→ **GIVEN RECORDS**:

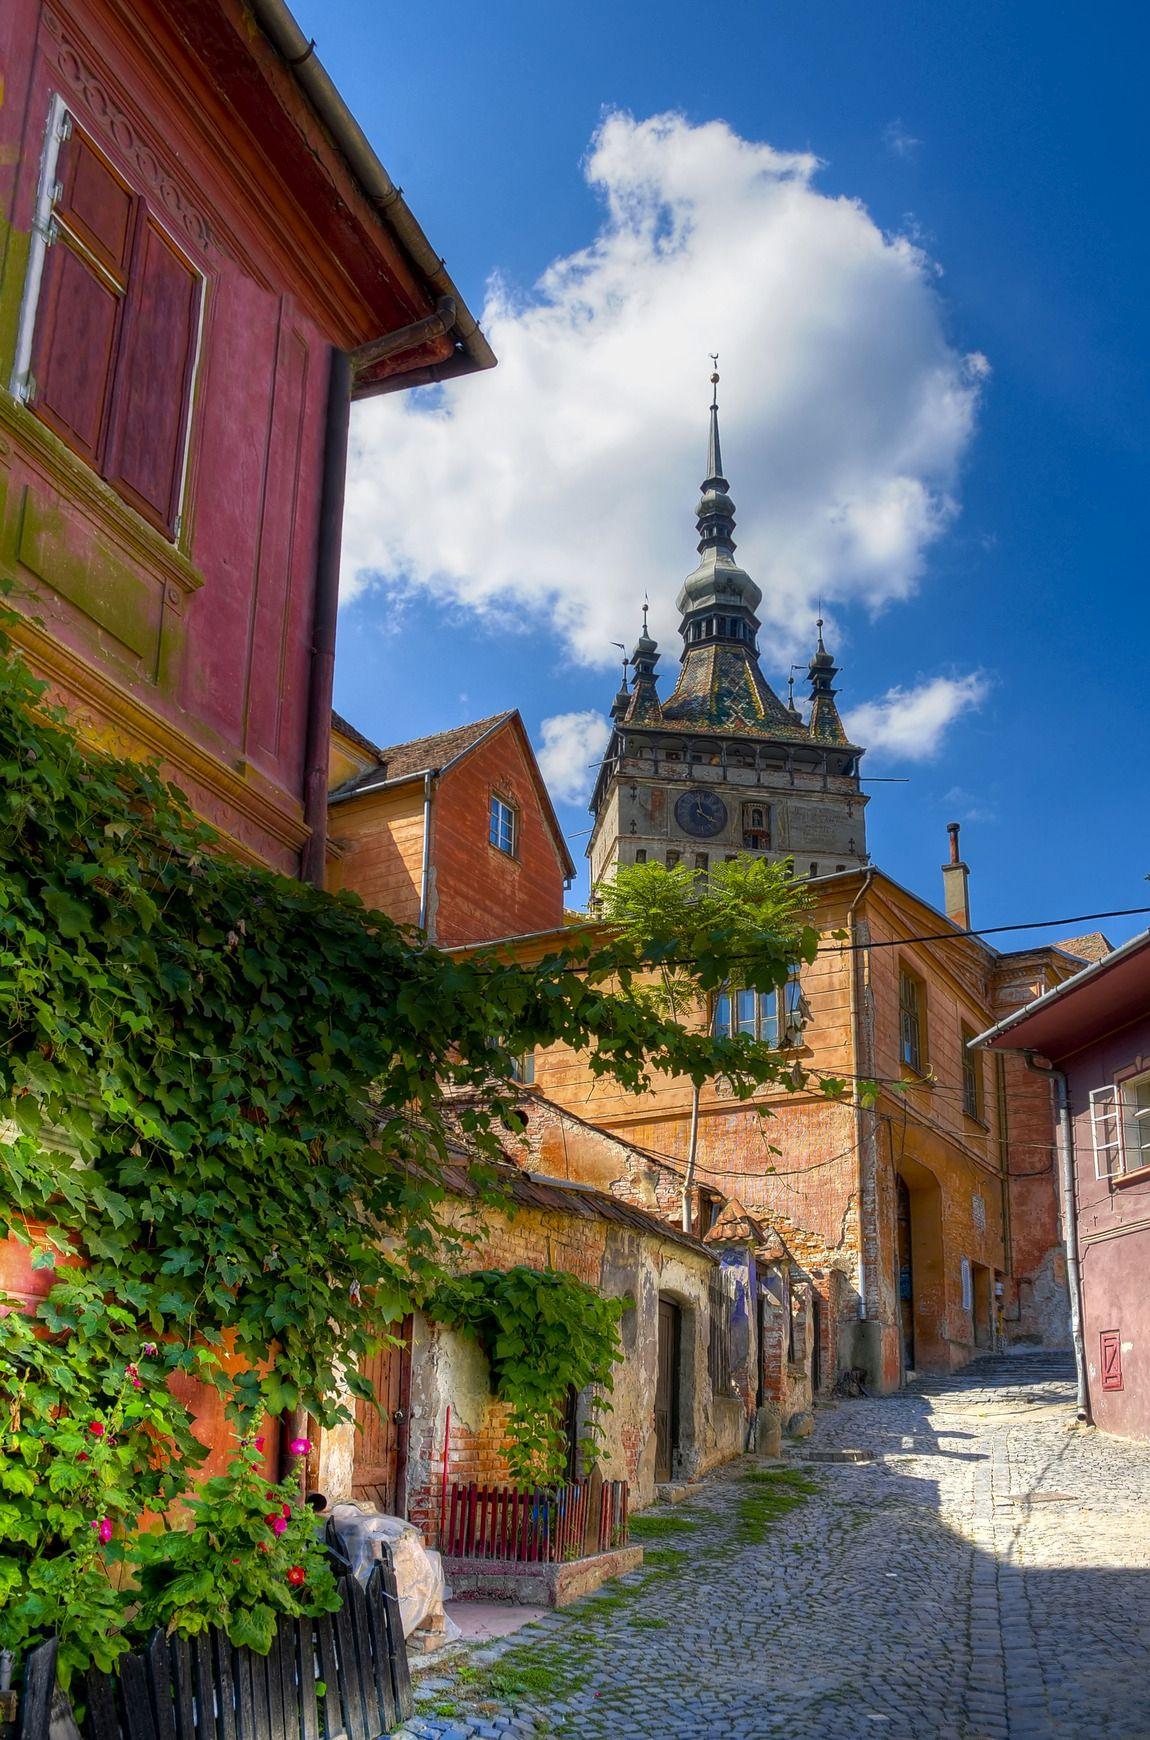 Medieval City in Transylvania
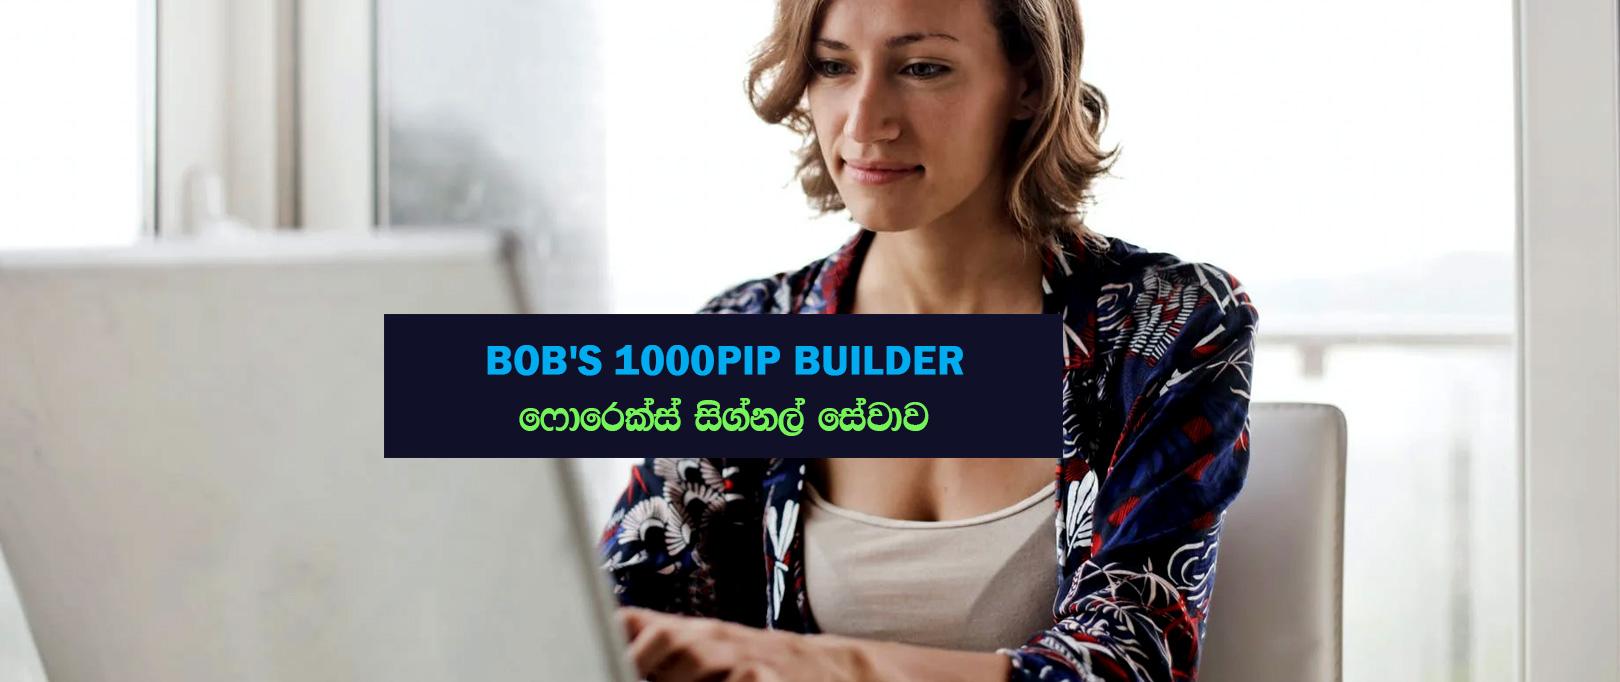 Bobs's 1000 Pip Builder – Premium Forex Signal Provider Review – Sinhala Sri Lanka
==
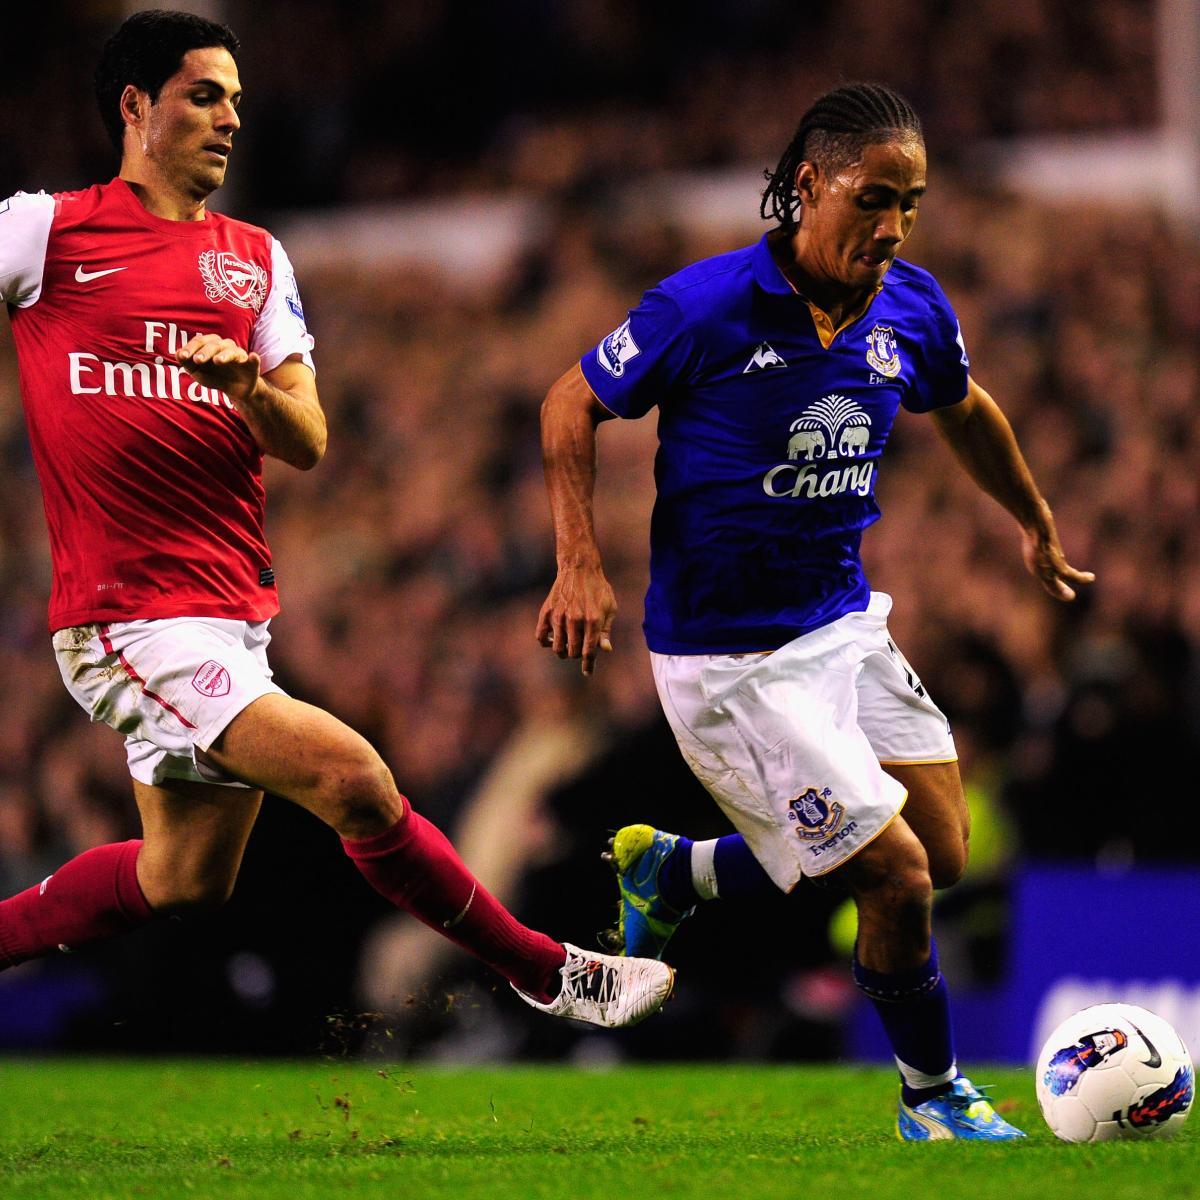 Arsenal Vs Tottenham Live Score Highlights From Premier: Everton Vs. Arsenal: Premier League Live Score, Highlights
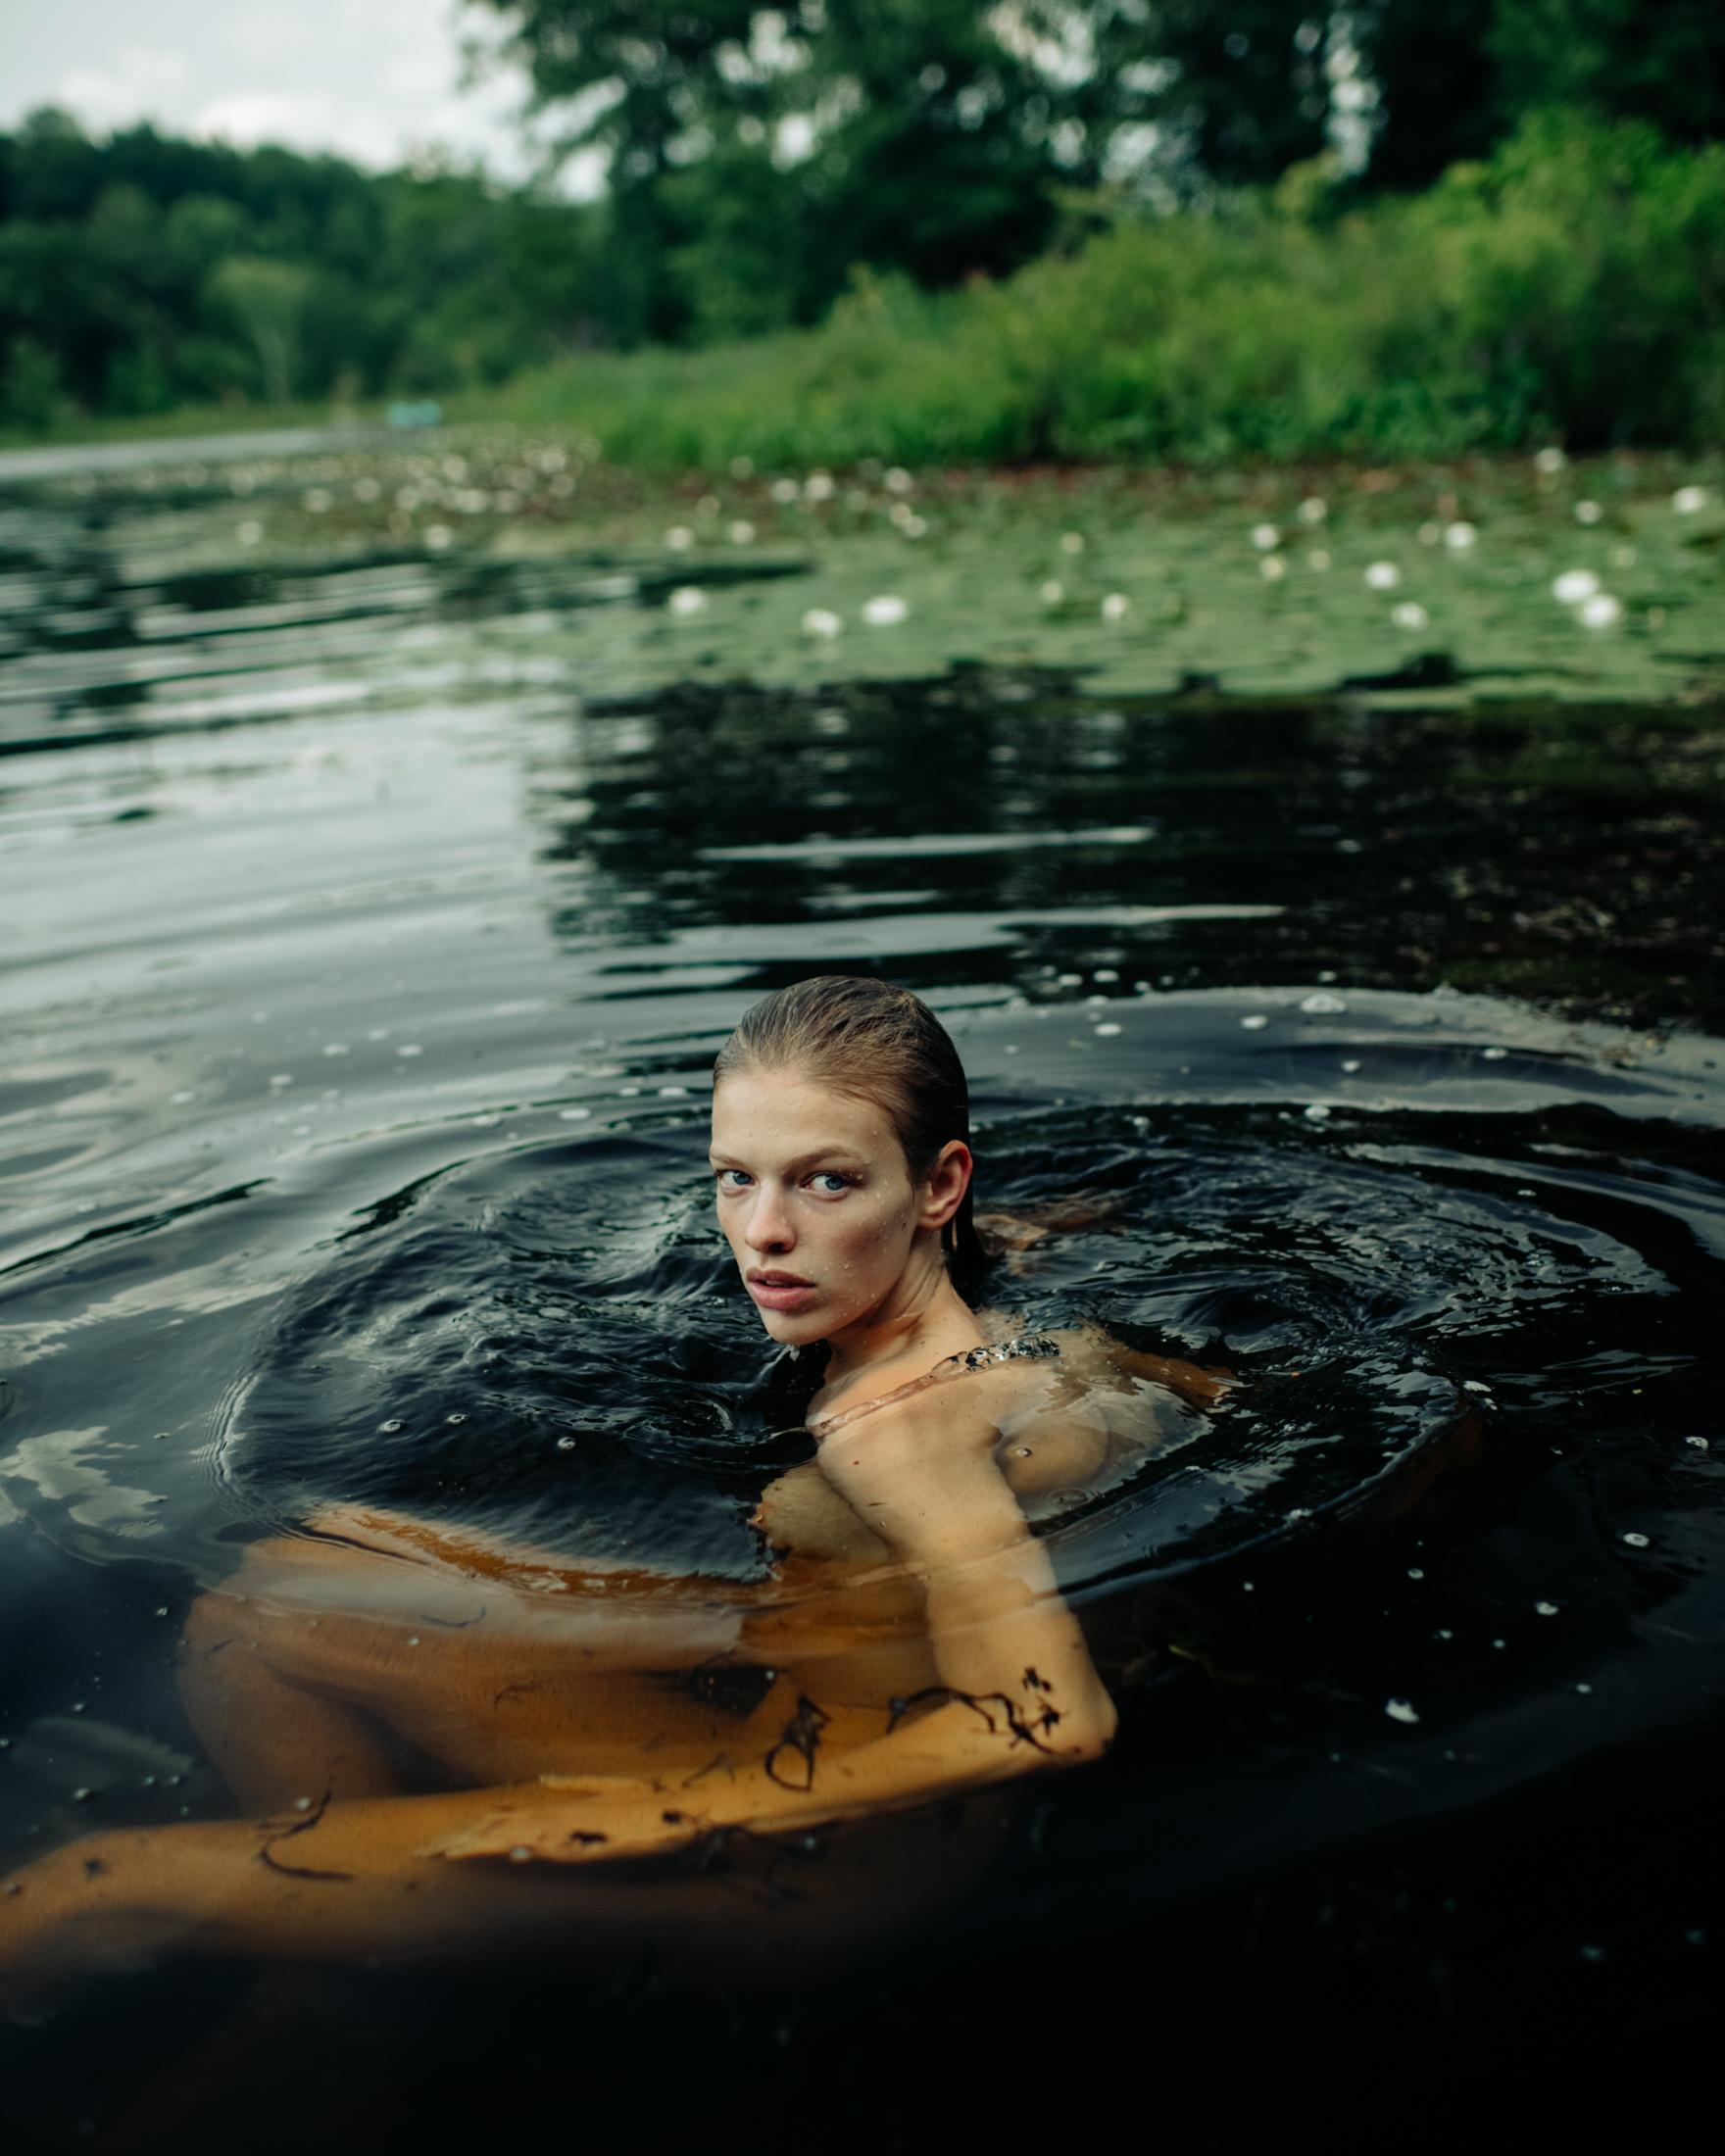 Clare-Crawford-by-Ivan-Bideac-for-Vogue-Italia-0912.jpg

→ **ACTIVITY**: From the material above, output only the span of lines that starts at the one containing "Arsenal Vs Tottenham" and finishes at the one containing "Clare-Crawford-by-Ivan-Bideac-for-Vogue-Italia-0912.jpg", word for word and free of pictures.

→ **TASK RESULT**:
 Arsenal Vs Tottenham Live Score Highlights From Premier: Everton Vs. Arsenal: Premier League Live Score, Highlights
 Clare-Crawford-by-Ivan-Bideac-for-Vogue-Italia-0912.jpg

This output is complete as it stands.